Anacardium othonianum

Scientific classification
- Kingdom: Plantae
- Clade: Tracheophytes
- Clade: Angiosperms
- Clade: Eudicots
- Clade: Rosids
- Order: Sapindales
- Family: Anacardiaceae
- Genus: Anacardium
- Species: A. othonianum
- Binomial name: Anacardium othonianum Rizzini

= Anacardium othonianum =

- Genus: Anacardium
- Species: othonianum
- Authority: Rizzini

Species of flowering plant

Anacardium othonianum is a tree native from the tropical savanna (cerrado) region of Brazil, whose fruit is similar to (but smaller than) that of the common cashew tree (A. occidentale) of the Brazilian Northeast. It is locally known by the Tupi-derived name cajuí, and by the Portuguese names caju-de-árvore-do-cerrado ("tree cashew of the cerrado"), caju-vermelho-de-goiás ("red cashew from Goiás"), cajuzinho-do-cerrado or just cajuzinho ("little cashew").

The species name honors Brazilian botanist Othon Xavier de Brito Machado.

==Description and habitat==
The tree grows wild in the central region of Brazil, mostly in the state of Goiás.

In the wild, the adult tree ranges from 2 to 6 metres (3 m on average), and produces from 200 to 600 fruits every season. The bark is dark and fissured. The leaves (which are reddish when young) are smooth and obovate, measuring about 15 by 10 cm, with 4 to 8 mm long stalks.

The small pink flowers (4 to 8 mm) are gathered in panicles about 20 cm wide, and are pollinated by bees and wasps. The pear-shaped edible "fruit" — technically a pseudofruit, an achene that develops from the flower stalk — is light red when mature, 2 to 3 cm wide by 2 to 4 cm long weighing between 5 and 10 grams.

As in the common cashew, the true fruit is a kidney-shaped drupe, 15 to 20 mm long and 12 to 15 mm wide, that hangs from the base of the achene: it encloses a single seed covered by a hard capsule, which may be green gray, or dark brown. The fruit's skin contains a strongly irritating oil composed mostly of anacardic acid, cardol, cardanol and other aromatic compounds.

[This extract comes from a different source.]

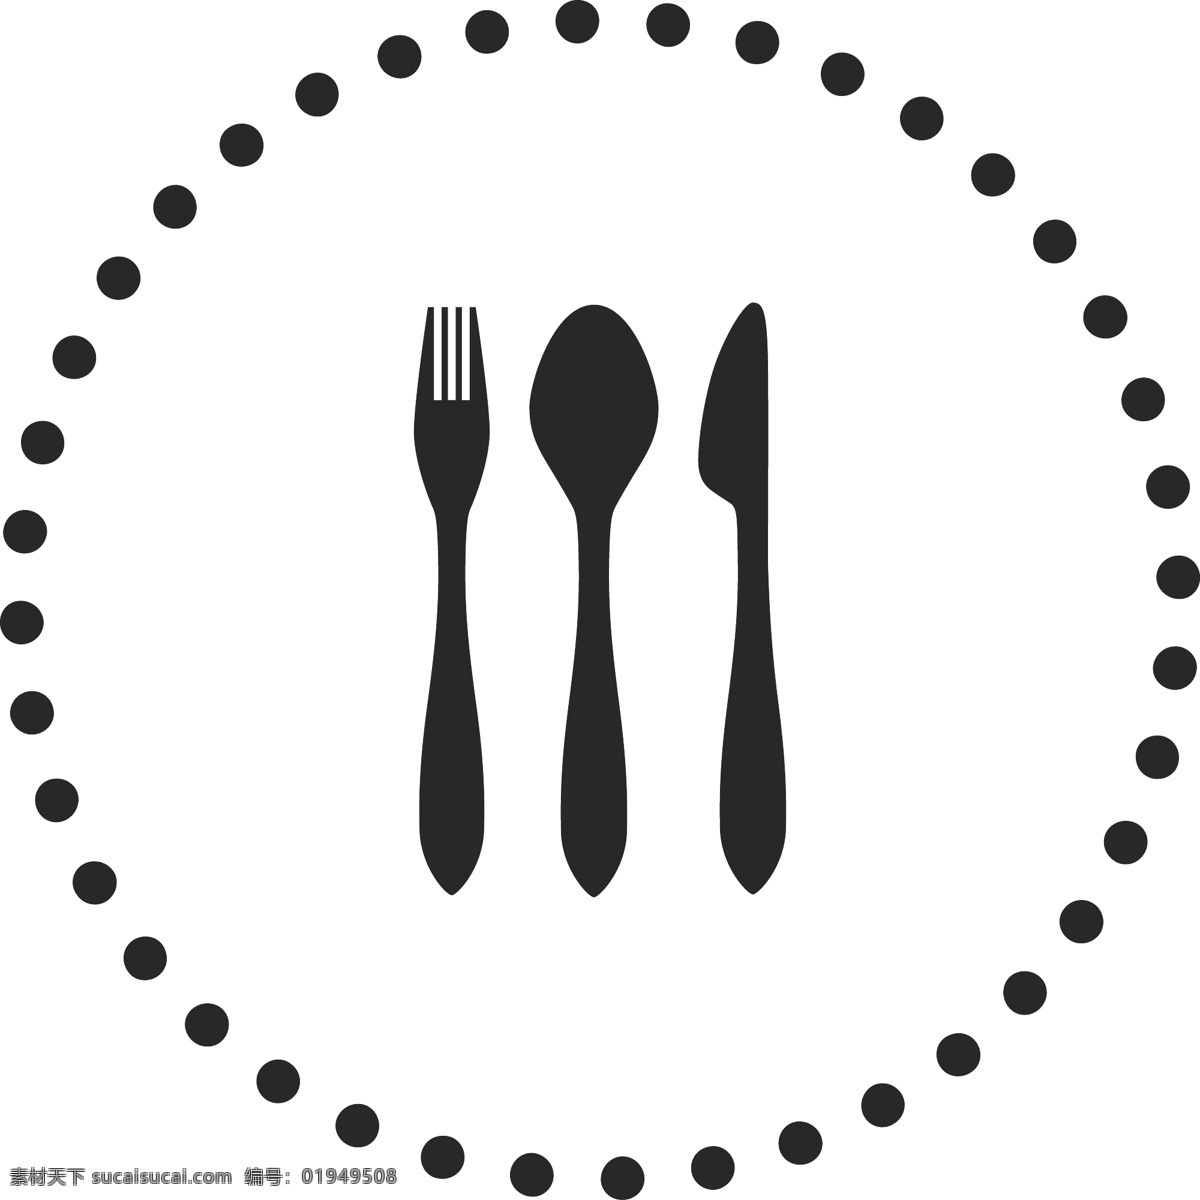 黑色 刀叉 餐具 图标 免 扣 图 符号 按钮 刀叉餐具 网页图标 按钮图标 应用按钮 ui应用图标

The tree is found at altitudes between 380m and 1100m, mostly above 780m; it prefers acidic soils (pH 4,5-6,5) and tolerates droughts and poor soils. It is easily propagated from seeds. It flowers between June and October; fruits mature in September and October, and can be harvested two or three years after planting.

==Uses==
The tree is not grown commercially yet, but is commonly found in farms and the wild. The pseudofruits are eaten locally; they are rich in vitamin C and soluble and insoluble fiber. They are said to be tastier than those of the common cashew, for being sweeter and free from astringency. Because of their short shelf life (about 10 days when refrigerated) their consumption is mostly confined to the cerrado region. They are also used for juices, sherbets, candied fruit, jams, and preserves, mostly by local cottage industries.

The toasted nut is edible and similar to the common cashew nut. Its fatty fraction consists mostly of esters of the oleic (60%) and linoleic (21%) acids.

The tea from its bark or leaves is used in the local folk medicine against diarrhea and as gargle for throat infections. The resin can be used as expectorant. The root is used as a purgative.